BEGIN DATASET EXTRACT

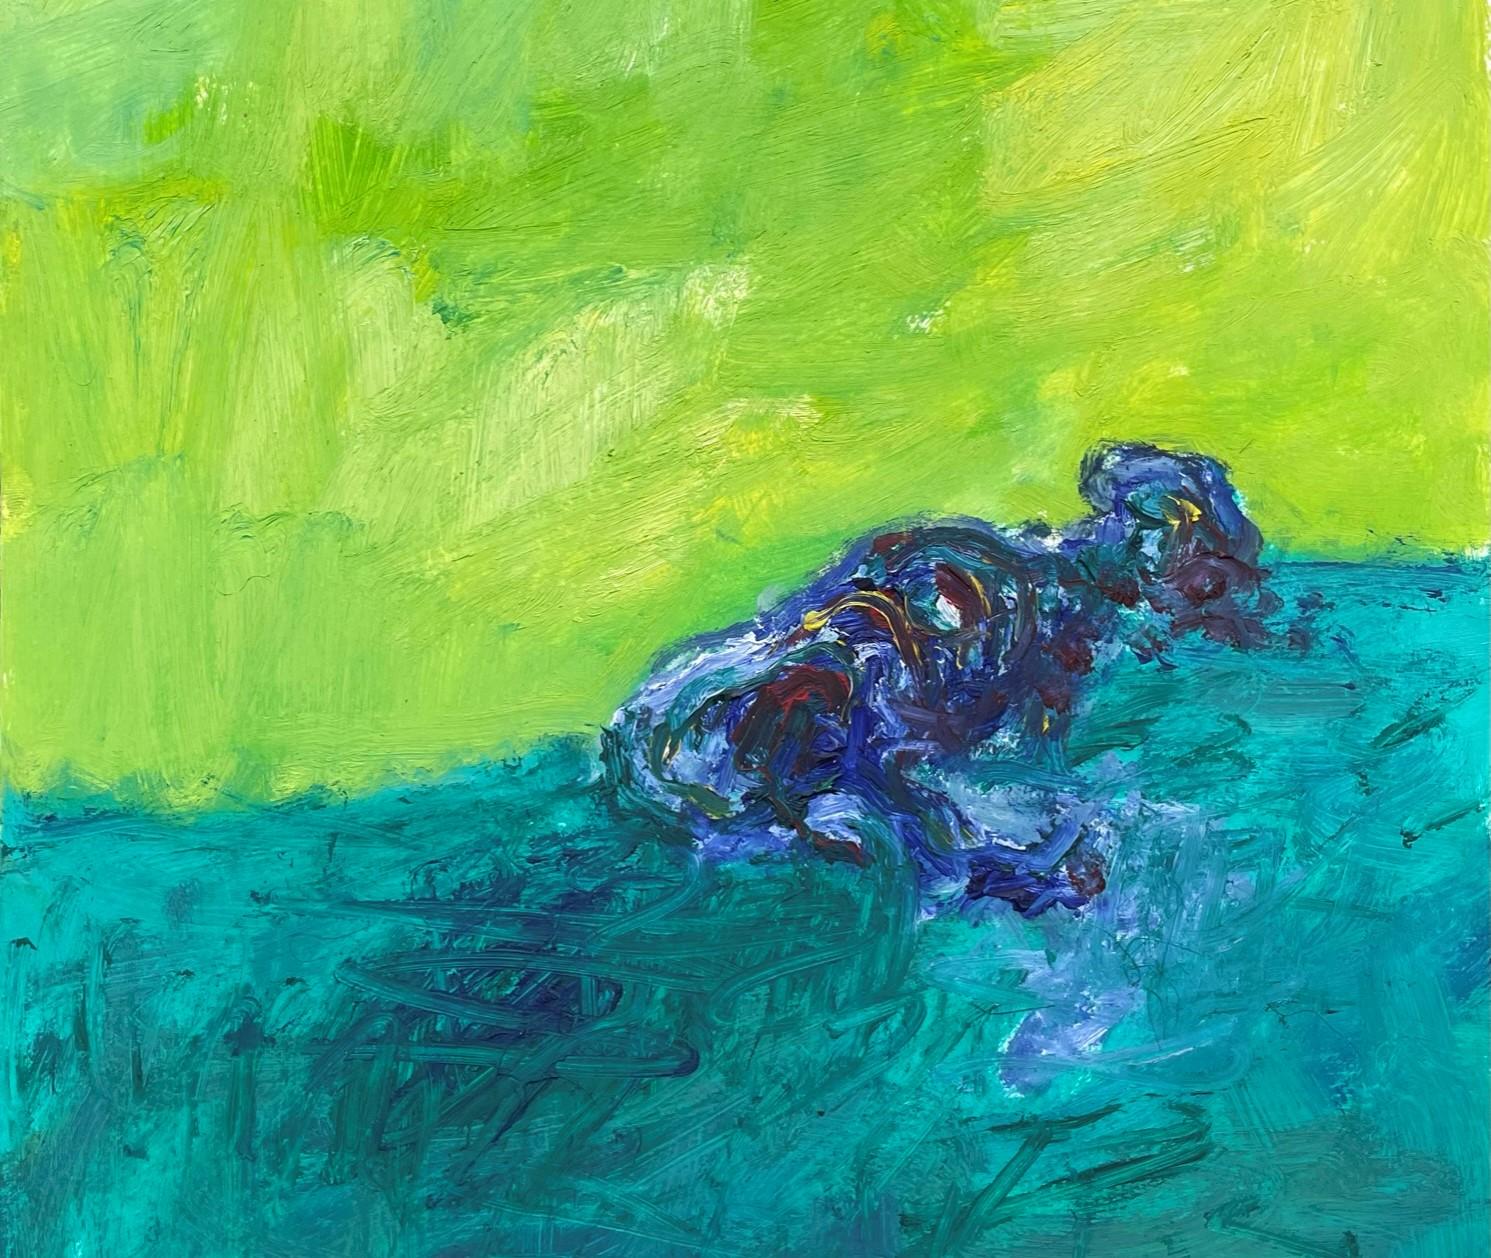 Remains (Body in the Field 13), 2022
oil on paper (signed on reverse)
16 17/32 H x 11 13/16 W in.
42 H x 30 W cm

Zsolt Berszán embodies in his works the dissolution of the human body through the prism of the fragment, the body in pieces, and the
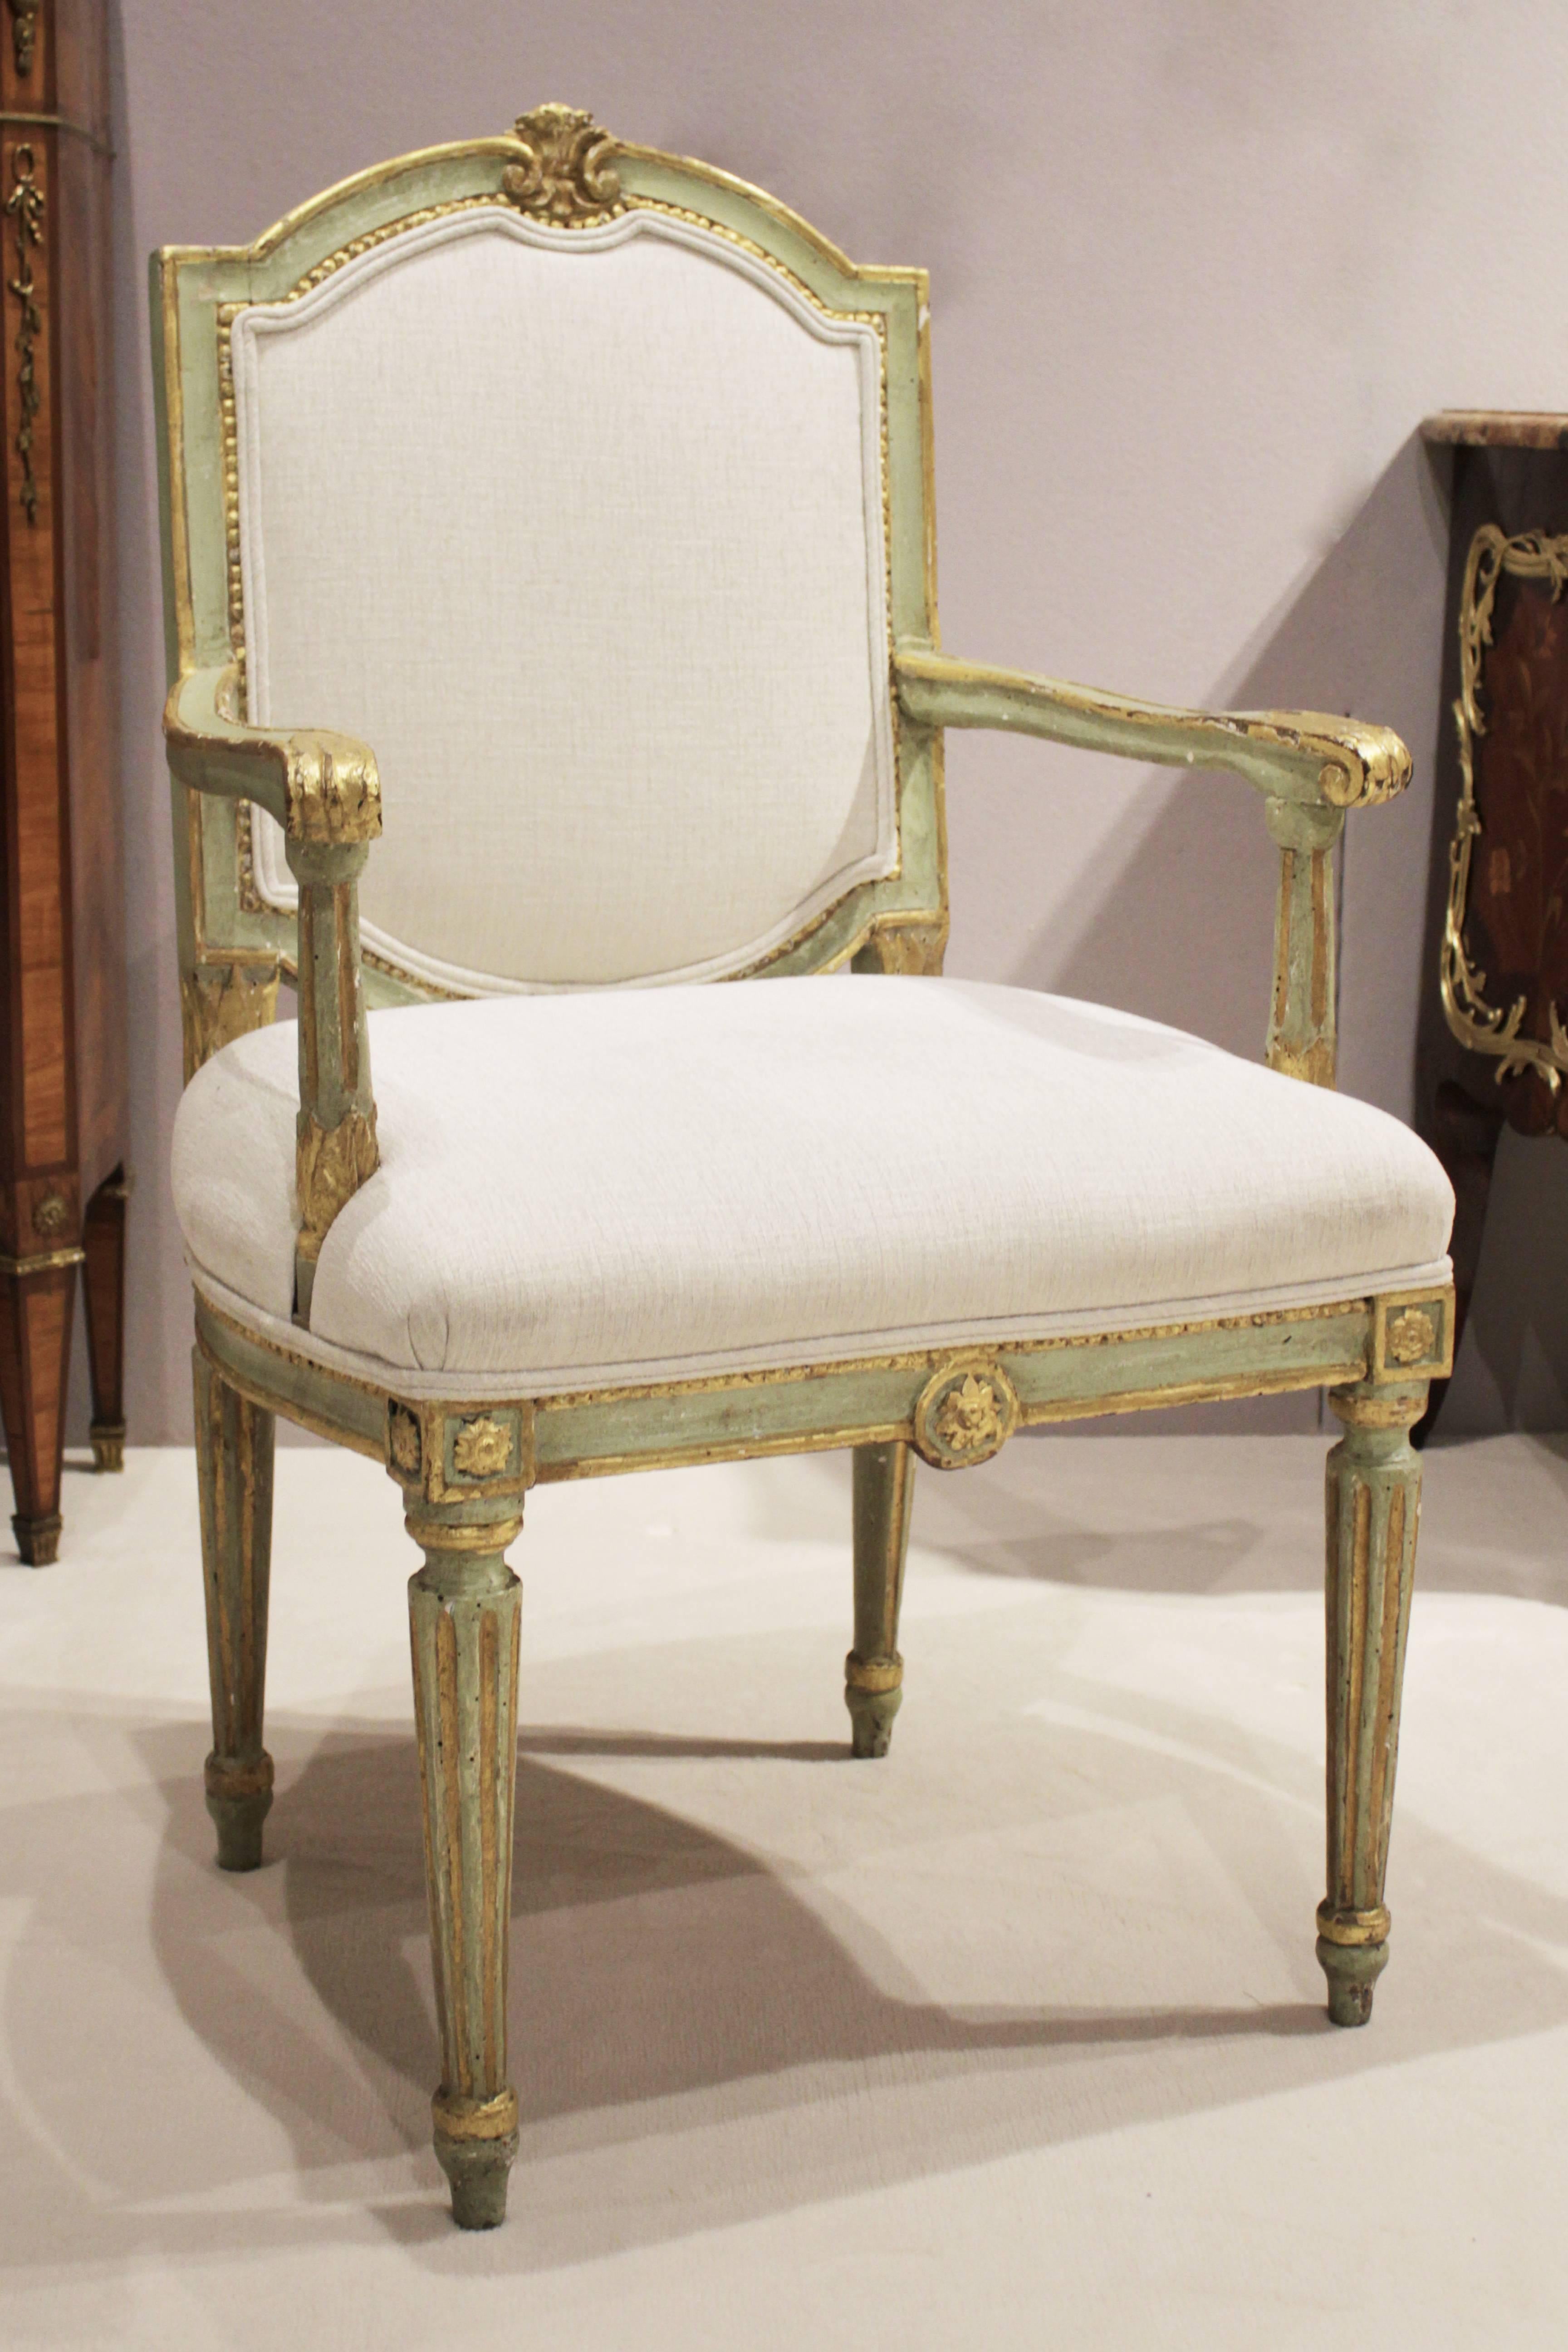 Pair of Venetian lacquer povera armchairs
green-painted and parcel-gilt
Italy, 18th century
Measures: H 39in. x W 22in. x D 17in.

END DATASET EXTRACT

_PROBLEM DETAILS_: Every line from the one containing "42 H x 30 W cm" through the final line of the records above is to be written out exactly; nothing else, and no pictures.

_TASK RESPONSE_:
42 H x 30 W cm

Zsolt Berszán embodies in his works the dissolution of the human body through the prism of the fragment, the body in pieces, and the
 Pair of Venetian lacquer povera armchairs
green-painted and parcel-gilt
Italy, 18th century
Measures: H 39in. x W 22in. x D 17in.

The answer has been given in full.